[Source data]
BEGIN
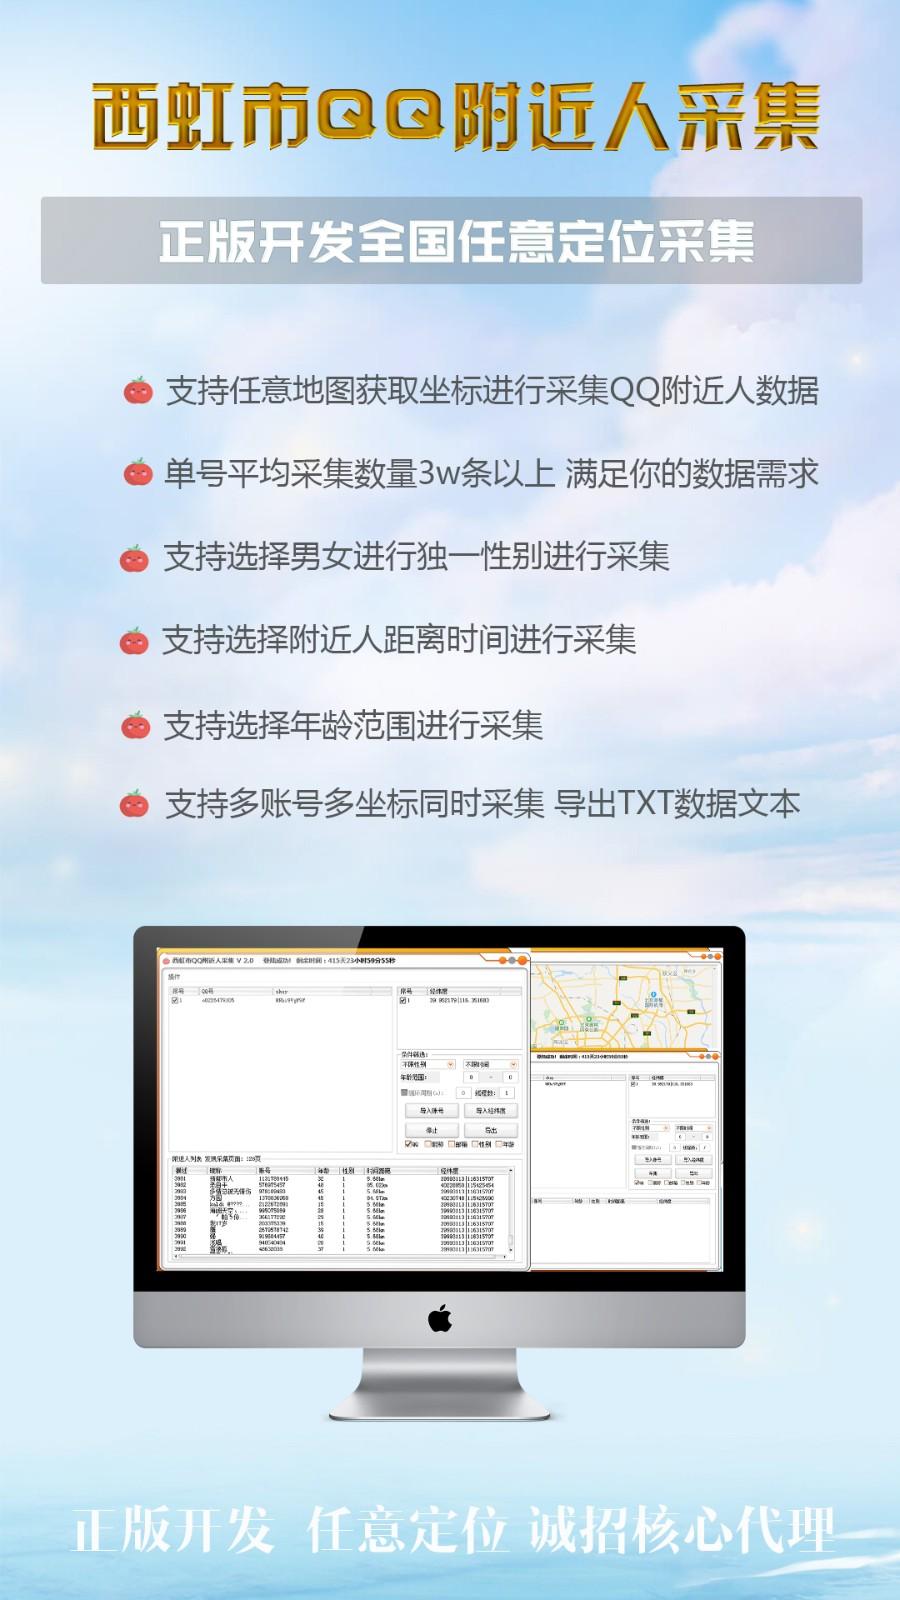 西虹市QQ附近人采集2.0正版授权-西虹市QQ附近人采集2.0激活码-
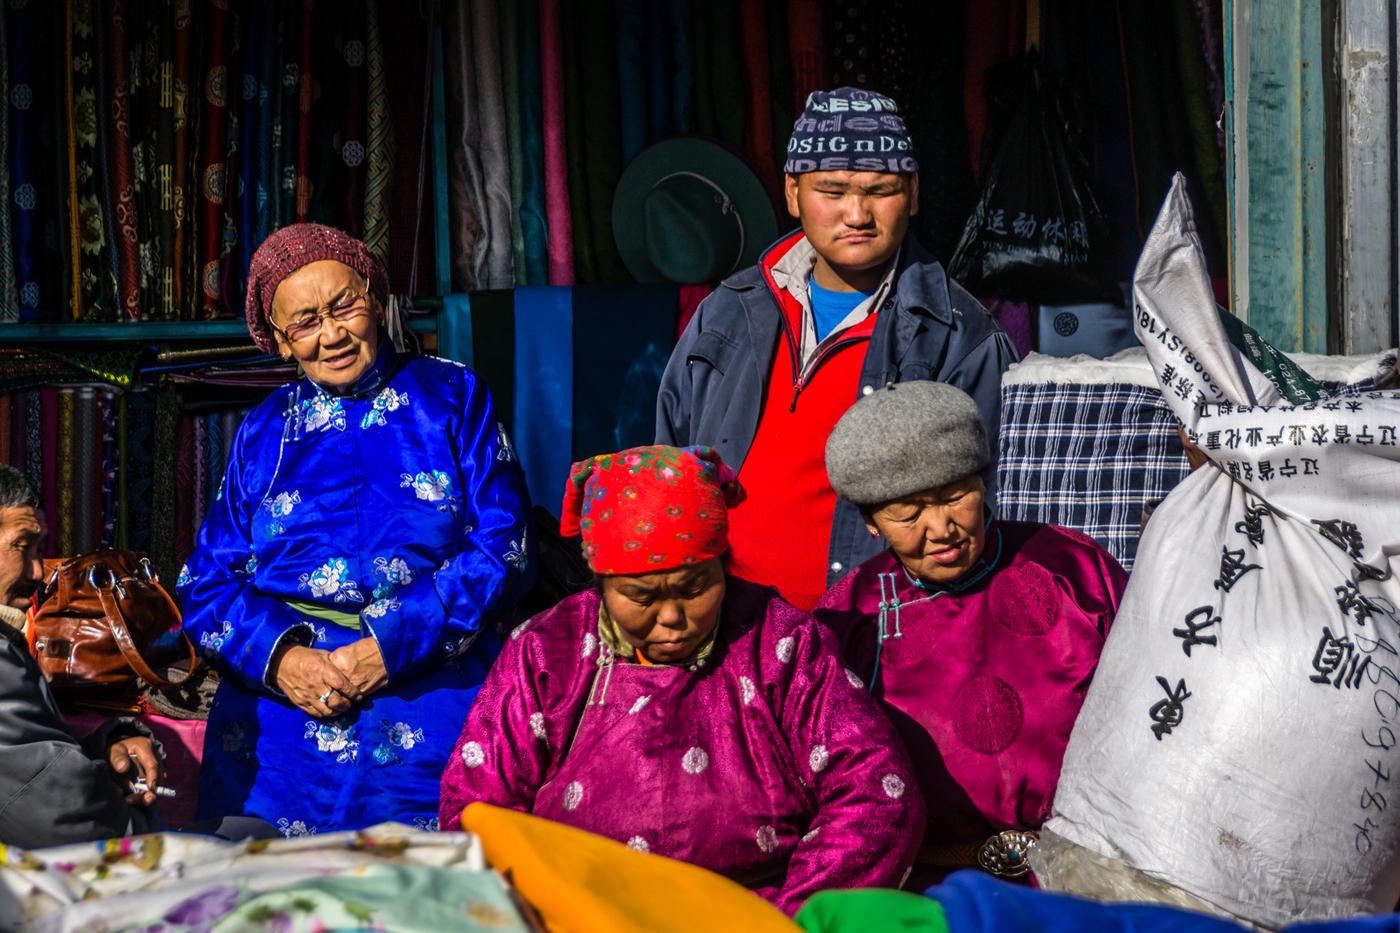 Mongolia-muut-21.jpg
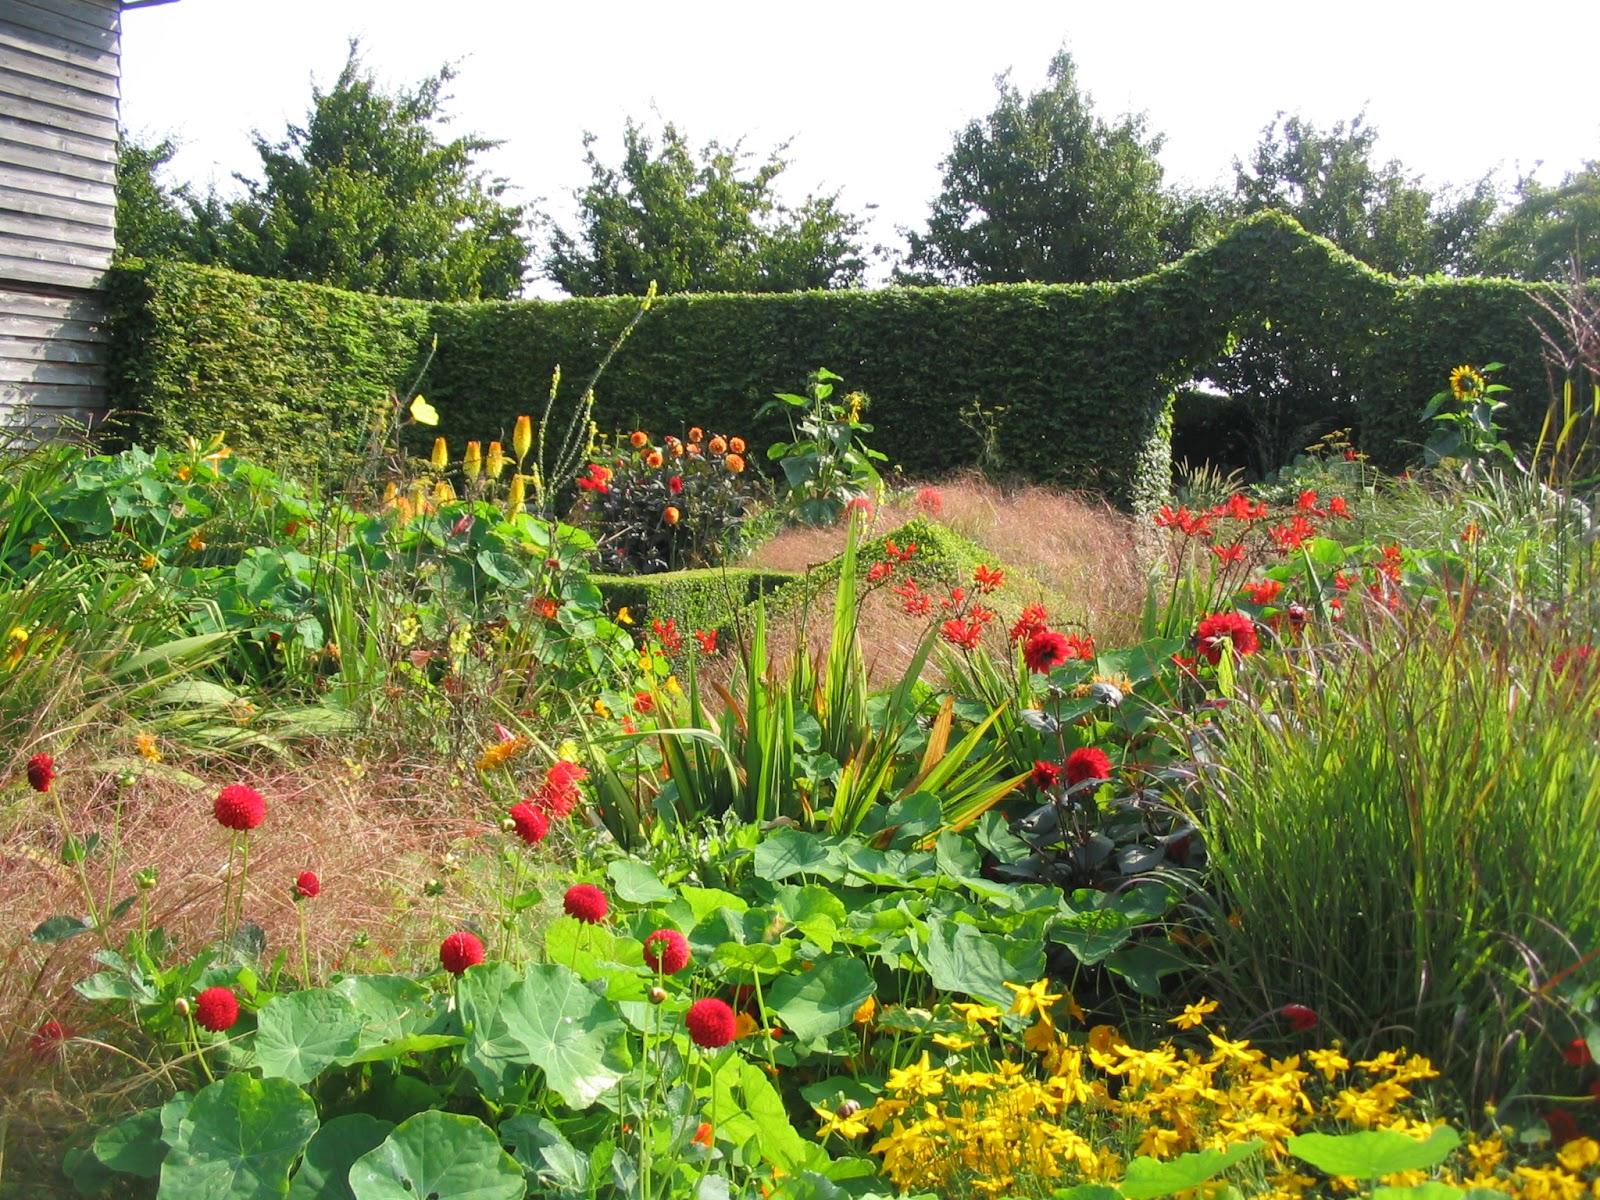 Le jardin de brigitte alsace le jardin plume for Le jardin plume
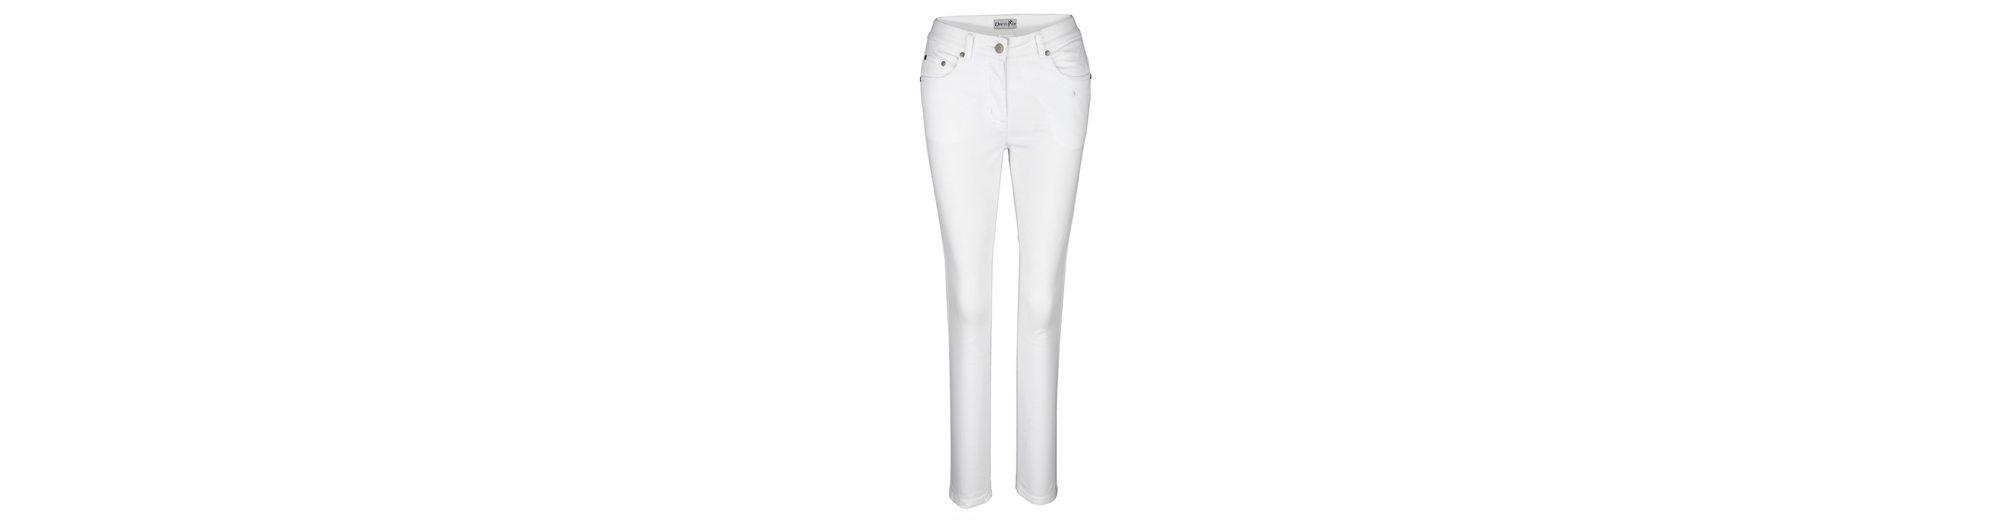 Dress In Jeans Laura Slim in knöchellanger Form Erkunden yp2QA
END
[Your instructions] Your task is to reproduce exactly the lines from the one with "Le jardin de" to the end of the material, both included, with the pictures left out.

[Answer to the exercise]
 Le jardin de brigitte alsace le jardin plume for Le jardin plume
 Dress In Jeans Laura Slim in knöchellanger Form Erkunden yp2QA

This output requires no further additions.